University of North Carolina in Chapel Hill, NC, Features Exhibits of African Masks and Divine Figures

University of North Carolina in Chapel Hill, NC, is presenting two exhibitions on view at the Ackland Museum including: Making Connections: African Masks, Rituals, and Art Museums Window to the Humanities, on view through Mar. 11, 2007 and Fashioning the Divine: South Asian Sculpture at the Ackland Art Museum, curated by Carolyn Wood and Pika Ghosh, on view through Mar. 25, 2007.

Making Connections exhibits a student researched and organized selection of the Ackland's African masks.
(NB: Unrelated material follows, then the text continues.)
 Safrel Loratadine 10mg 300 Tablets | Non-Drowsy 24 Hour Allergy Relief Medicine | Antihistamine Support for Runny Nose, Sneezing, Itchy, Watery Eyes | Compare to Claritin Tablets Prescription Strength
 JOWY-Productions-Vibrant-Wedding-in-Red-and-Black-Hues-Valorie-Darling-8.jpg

The installation, including video, photographs, and interpretive labels, invites visitors to view masks as elements in larger ensembles of costuming, song, and performance, and to consider how they connect human communities with surrounding spiritual and natural worlds.
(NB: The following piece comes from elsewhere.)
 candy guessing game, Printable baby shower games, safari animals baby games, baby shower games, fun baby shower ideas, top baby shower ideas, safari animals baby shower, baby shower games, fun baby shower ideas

This exhibition was curated by Carol Magee and her students.

From graceful dancers to sword-wielding celestial women, from the creative power of Shiva to the compassion of the Buddha, the objects in Fashioning the Divine illuminate the desire of whole communities to overcome any and all distance between human beings and divine figures in South Asia between the second and thirteenth centuries. Like the beliefs these pieces embody, the exhibition is richly varied and complex. Each object serves as a small piece in an elaborate jigsaw puzzle, suggesting centuries of architecture, narrative, as well as individual and communal devotion across the Indian subcontinent.

More than seven years in the planning, Fashioning the Divine celebrates twenty-four South Asian sculptures and fragments from the Ackland Collection, many of which, have never before been on display in the Ackland!

Continuing in a long tradition of collaborative research at the Ackland, Fashioning the Divine coincides with the publication of a scholarly catalogue of the same name. Pika Ghosh, Department of Art , The University of North Carolina at Chapel Hill served as lead scholar and editor. Three internationally recognized scholars provide introductions to three sections of the catalogue including: Janice Leoshko, University of Texas, Austin; Darielle Mason, Stella Kramrisch Curator of Indian and Himalayan Art, Philadelphia Museum of Art; and Padma Kaimal, Colgate University. The original research for each object was conducted by graduate students in the Art History program at The University of North Carolina at Chapel Hill.

This exhibition is made possible by an award from Palm Beach, America's International Fine Art & Antique Fair's Museum Publication Grant Program, the J. Charles Morrow III Ackland Endowment Fund, and the William Hayes Ackland Trust.